For context, the generation before the boomers, the silent generation, is not only the smallest in 100 years due to the forces of the Depression and World War II, but they also came of age at a time when pensionswhich is now almost entirely a thing of the past, was a common benefit of jobs. Roll it up and the boomers present a challenge orders of magnitude more difficult than those before them.
Many children of boomers are outraged that they may be subject to these laws.
Dive into the topic of childish laws on social media and the anger of millennials, Gen Zers and many younger Gen Xers in the so-called “sandwich generation” is palpable.
“The boomer generation has literally had every single public benefit handed directly to them,” a TikToker named Clare, known as @lacroix_goth on the appsaid in a video on the subject. “And they pulled up the ladder behind them as they moved up.”

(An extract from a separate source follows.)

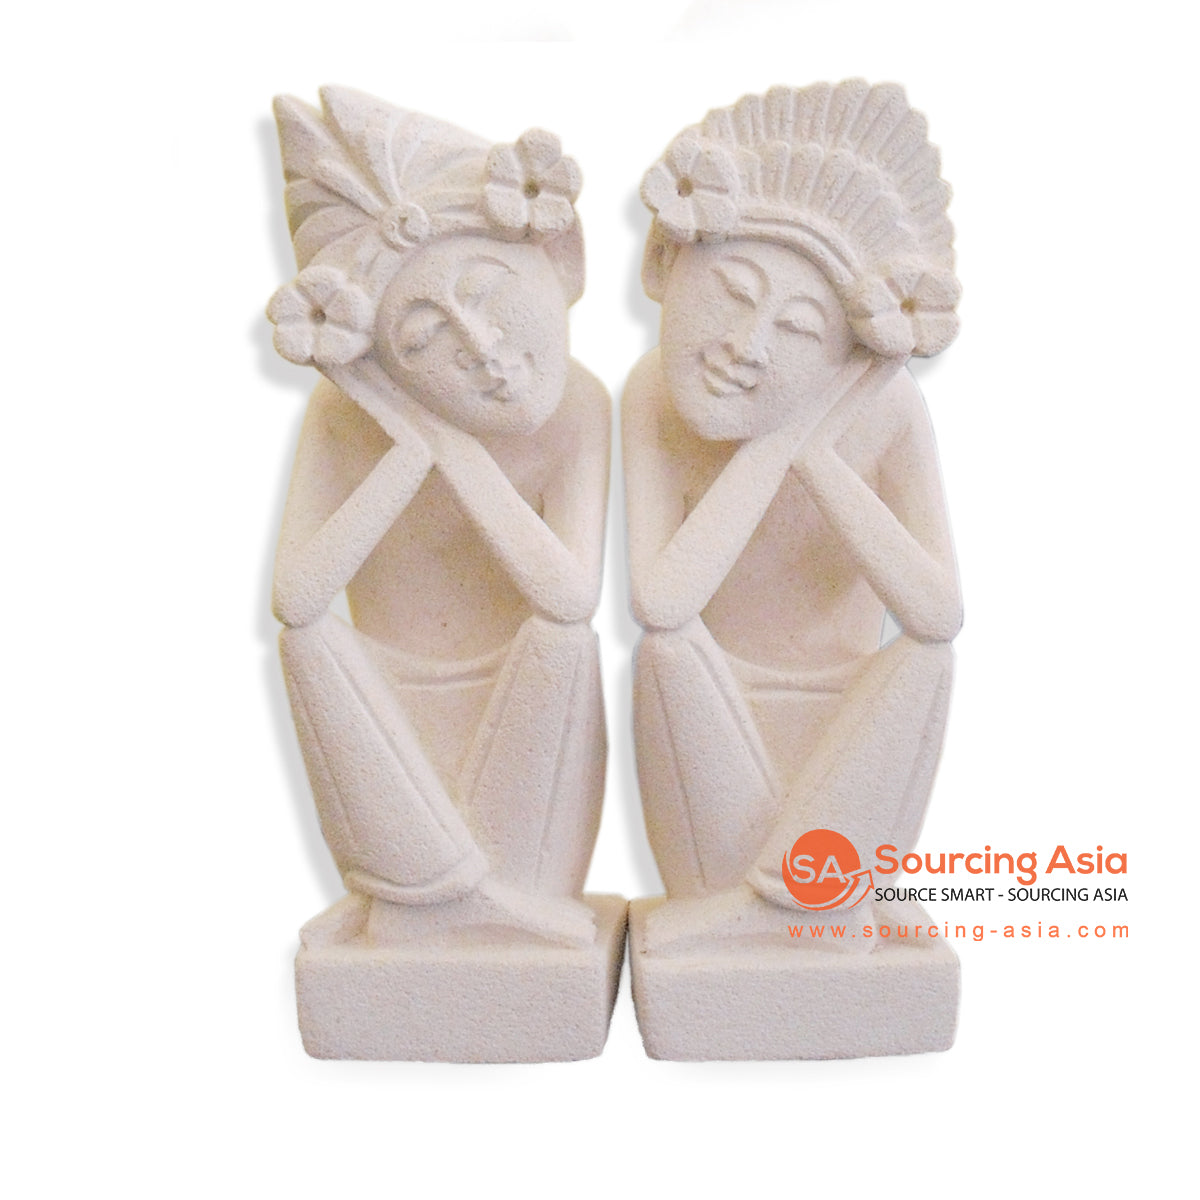 MHB046-15-1 STONE DREAMING BALINESE COUPLE STATUE
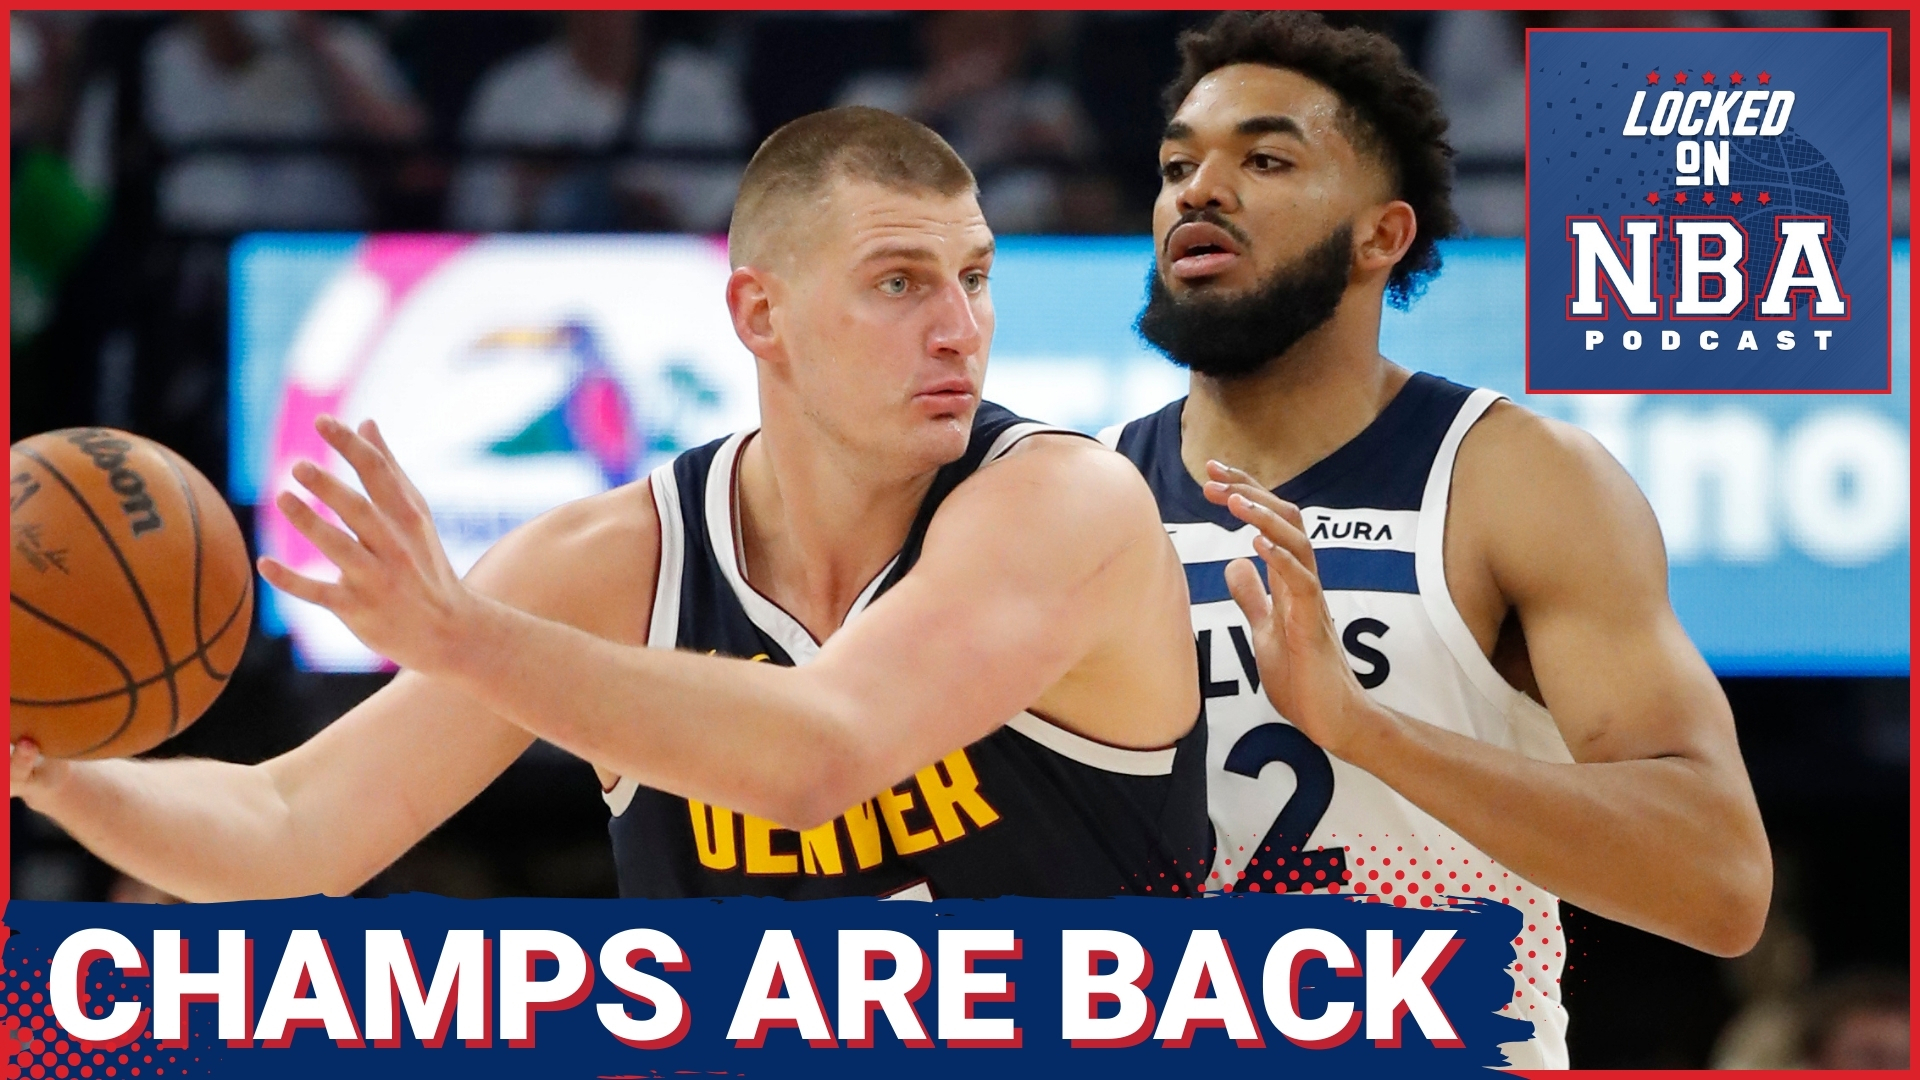 Nuggets Beat Wolves In Game 4 To Reclaim Homecourt | Pacers Blowout Knicks To Even Series 2-2 | Hawks Win NBA Draft Lottery... Keep Or Trade #1 Pick?

She’s not wrong. The Boomer generation has repeatedly voted for politicians who have presided over the erosion of virtually every feature of the American economy that used to protect workers, the middle class and the elderly, including retirements.

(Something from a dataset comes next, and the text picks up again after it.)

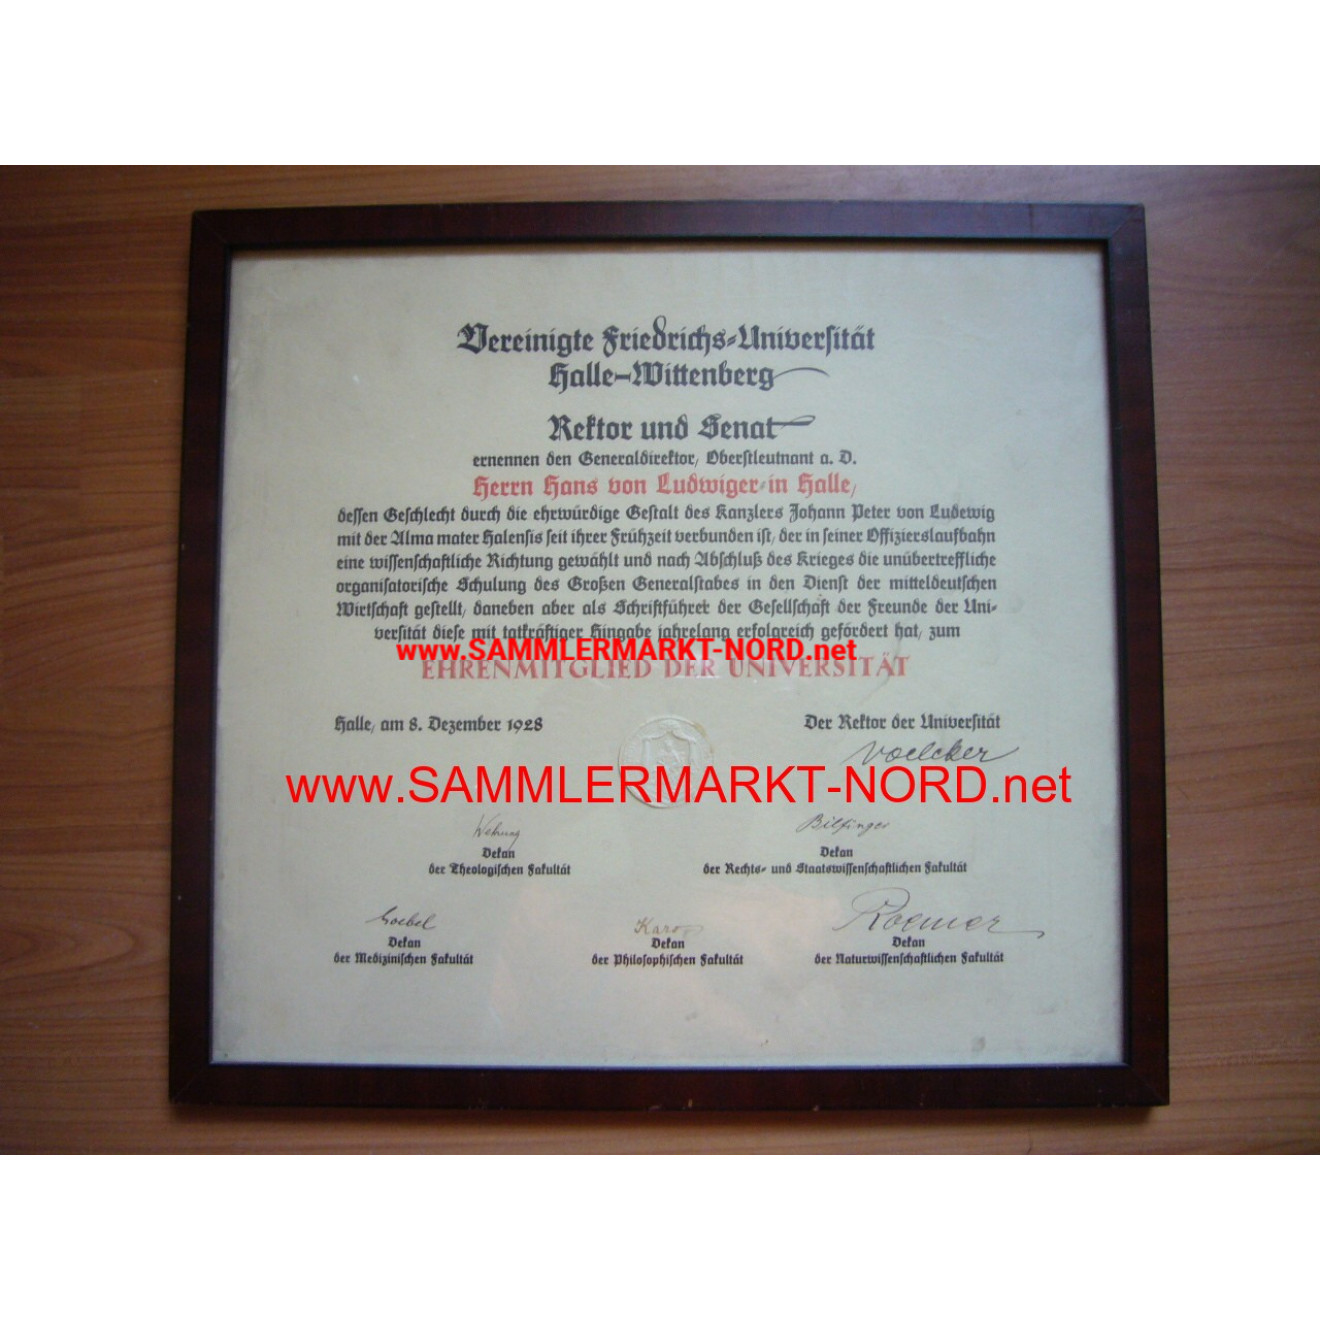 Certificate for honorary membership of the United Friedrichs Uni
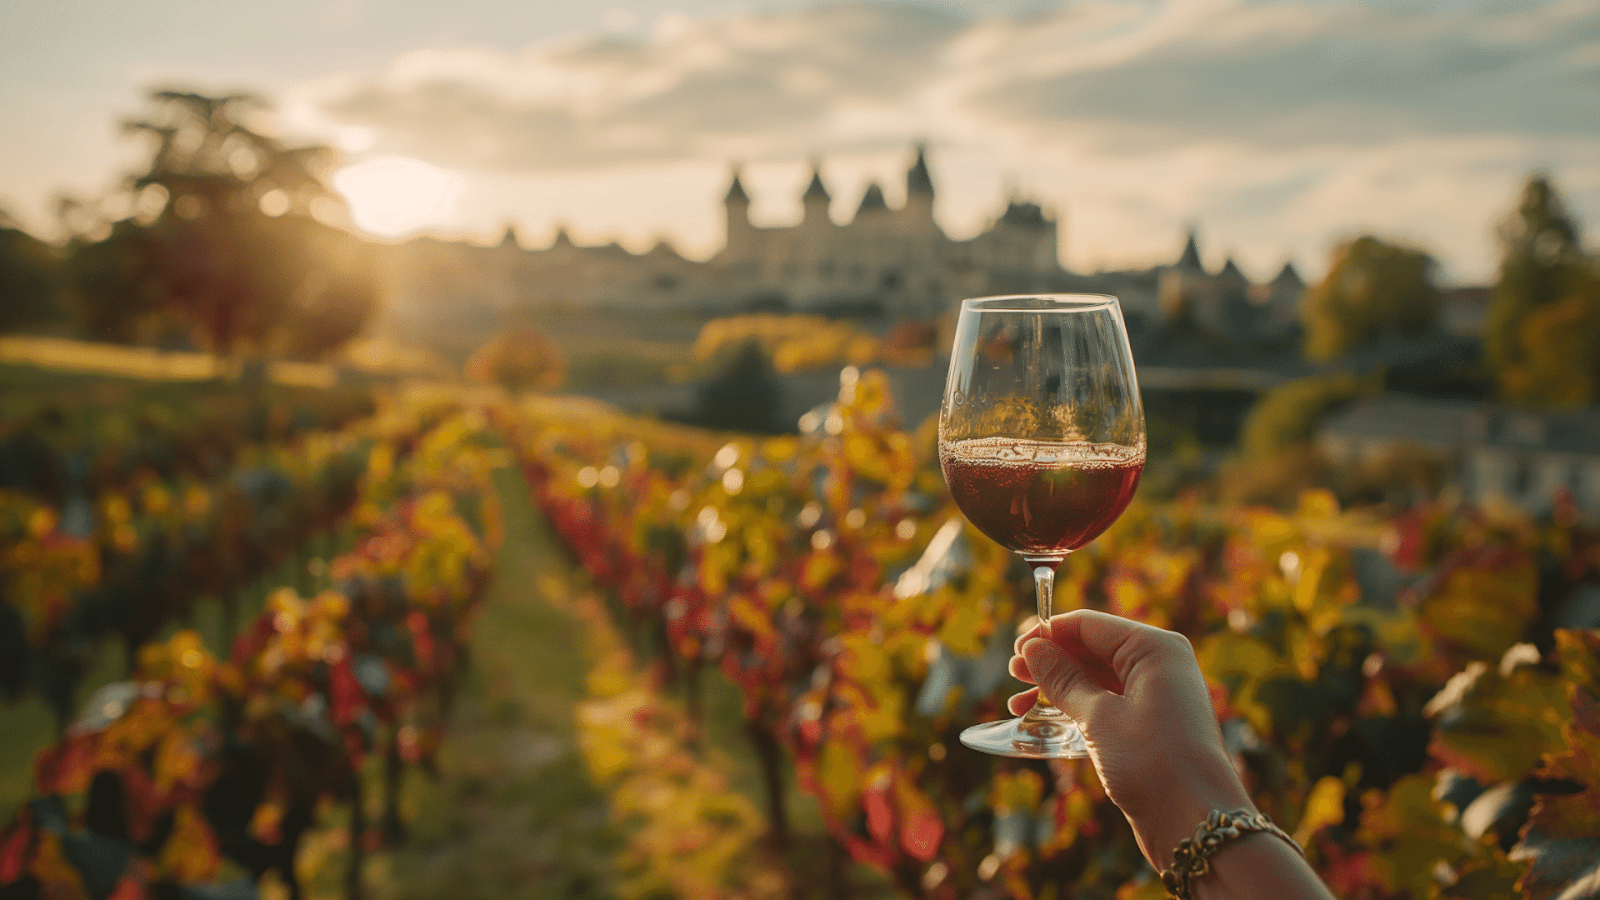 Holding wine glass with castle backdrop, savoring Europe's finest

The top among them is the introduction of the 401(k)which has almost entirely replaced pensions with pension plans tied to the stock market, whose draconian deregulation by Presidents Nixon, Reagan and Clinton (all of whom were elected by landslide boomers) means that 401(k)s are vulnerable to the whims of Wall Street. That means they can be completely wiped out in a single day, as happened to my boomer mom in 2008 when the Great Recession exploded.
But many boomers still have a safety net in the form of the other bugaboo of younger generations — their staggeringly bloated houses, as Clare also angrily pointed out in her video.
For context: In 1985, the rough midpoint of the boomer generation’s adulthood, boomers paid an average of about $80,000 for a house. That $80,000 is now worth more than $230,000, and that only takes inflation into account, not the dizzying swelling of house prices that have average home price in 2026 of nearly $500,000. And boomers didn’t even have to struggle with credit scores to get a mortgage!
It’s hard not to feel, now that they’re older, that the boomers threw away all their advantages. It’s even harder not to empathize with struggling young people like Clare, furious that it might fall to them to make up the difference, especially given boomers’ continued support as a voting bloc before politicians determined to drain Social Security and Medicare, the only safety net many senior citizens themselves have.
Still, if past is prologue, boomers will blame this mess not on themselves and the politicians they enabled, but on their “lazy” and “entitled” children who “just won’t work hard.” Buckle up (and maybe call an estate planner), children of boomers; it’s going to be an uneven decade or three.
John Sundholm is a writer, editor and video personality with 20 years of experience in media and entertainment. He covers topics in culture, mental health and human interest.